Daily Archives: April 30, 2007

Is "The Body of Christ" a Metaphor?

Here I just want to pose a question that I’ve reflected on for a while. In many textbooks on ecclesiology, or constructive theological ecclesiologies it’s common to organize the material in a “trinitarian” way under the rubrics of three biblical “metaphors” for the Church, namely the church as the people of God, the body of Christ and the temple of the Holy Spirit.

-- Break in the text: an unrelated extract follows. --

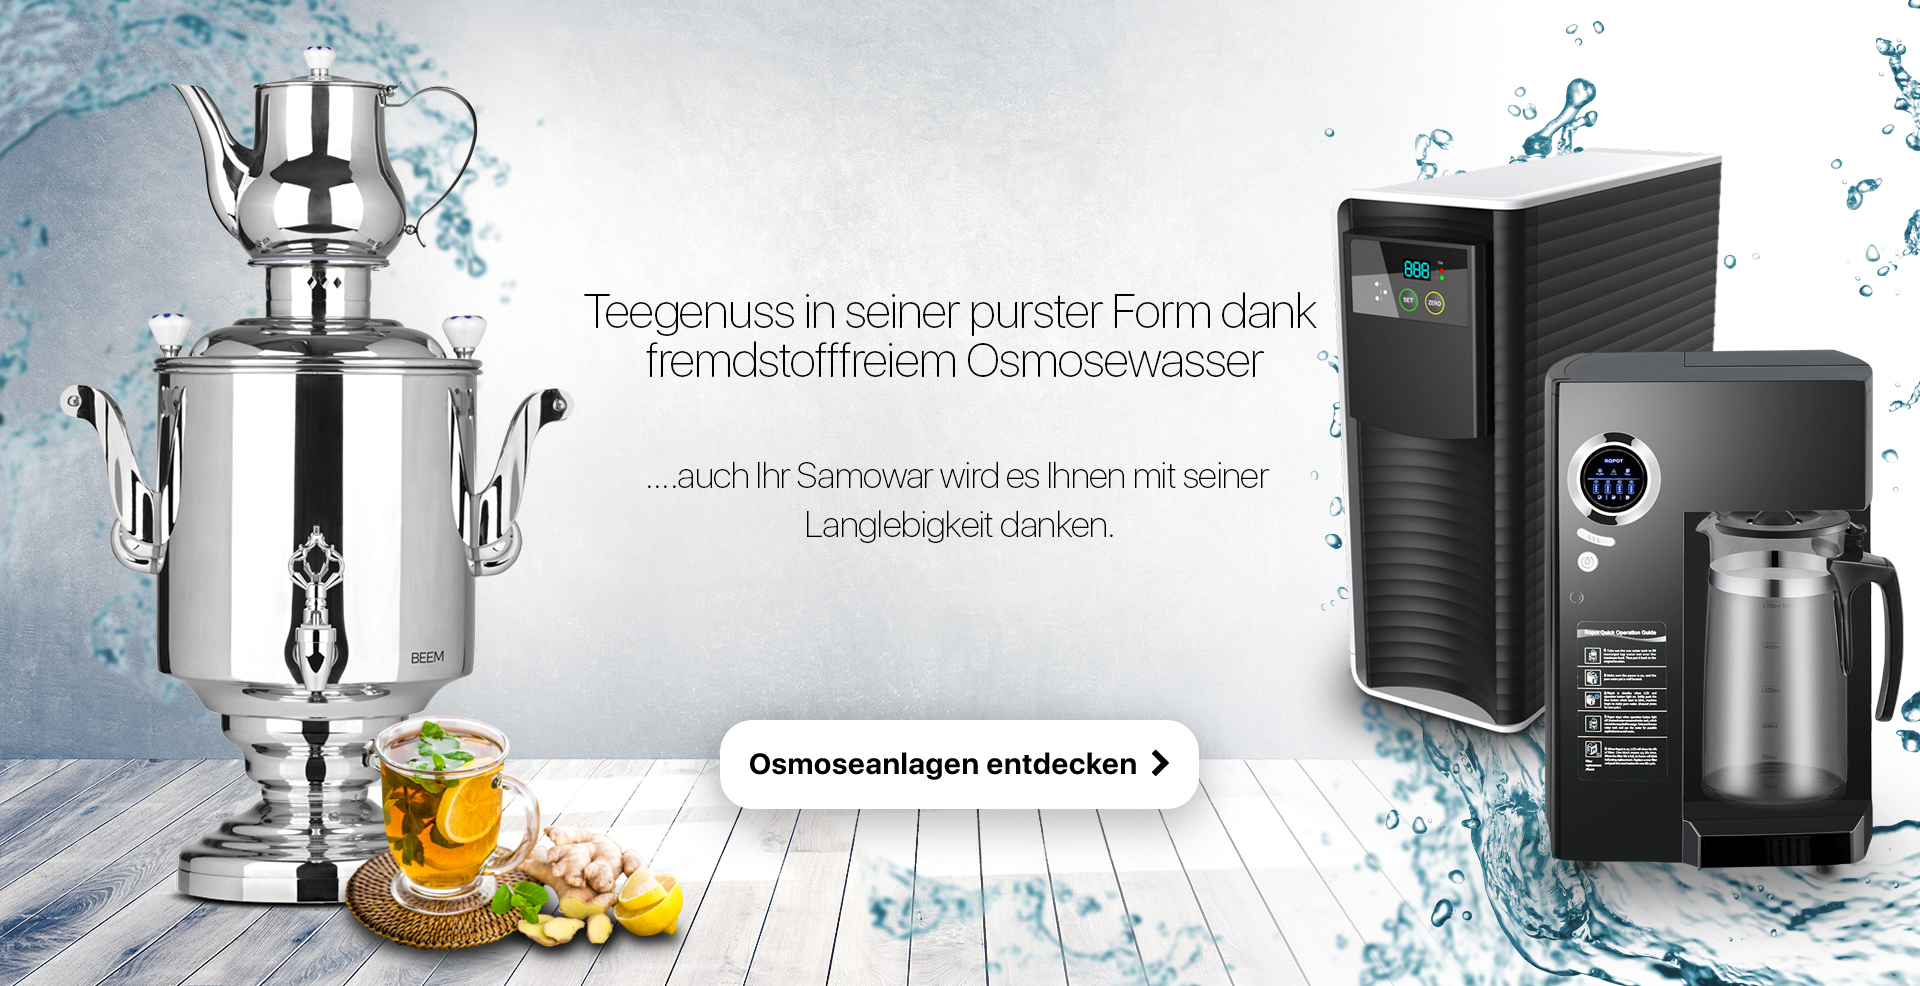 Osmosewasser_ohne-Samoware_07133

Now, as a heuristic way of organizing a textbook, perhaps this has some merit, and at least some good intentions. However, I submit that this way of dicing up an ecclesiology is fundamentally flawed. I’ll leave aside for the moment the apparently modalistic mood it bestows simply by nominating three images for the church based on the three persons of the Trinity. What I find more troubling is the fact that such a heuristic presupposes that these three “metaphors” occupy the same semantic and theological universe of meaning. Why is it immediately apparent that “people of God” and “body of Christ” are in any way two members of the same semantic method of speaking about the church?

What I want to question in particular is the assumption that these three images of the church are “metaphors” as commonly conceived. Literarily speaking, a metaphor is an indirect comparison between unrelated subjects that typically uses “is ” to join the first subjects. In other words, a metaphor describes a particular subject by that which it is not. Now, surely the image of the church “the people of God” is anything but a metaphor. That comes as close to a empirical description as we’re likely to be able to produce. Similarly, “temple of the Holy Spirit” is not technically a metaphor because what that term communicates is precisely that the Holy Spirit is present, that he indwells – tabernacles in – the church-community. The Church is the place of the Spirit’s presence, and thus is literally, not metaphorically his temple.

Now, the question I really want to raise though, is in regard to the image of the church as “the body of Christ.” In Scripture, obviously this term is used for a variety of things, namely the physical human body of Jesus of Nazareth, the bread of the Eucharist, and the church-community itself. Now, the question I want to pose is simply whether or not this stream of biblical language is a metaphor or not. What does it mean to talk about the church as the “body” of Christ? Is there any real, organic, physical reality that is expressed by this image? Or is it simply a metaphor for something else? If so what is it?

What does it mean for us to call the church Christ’s body?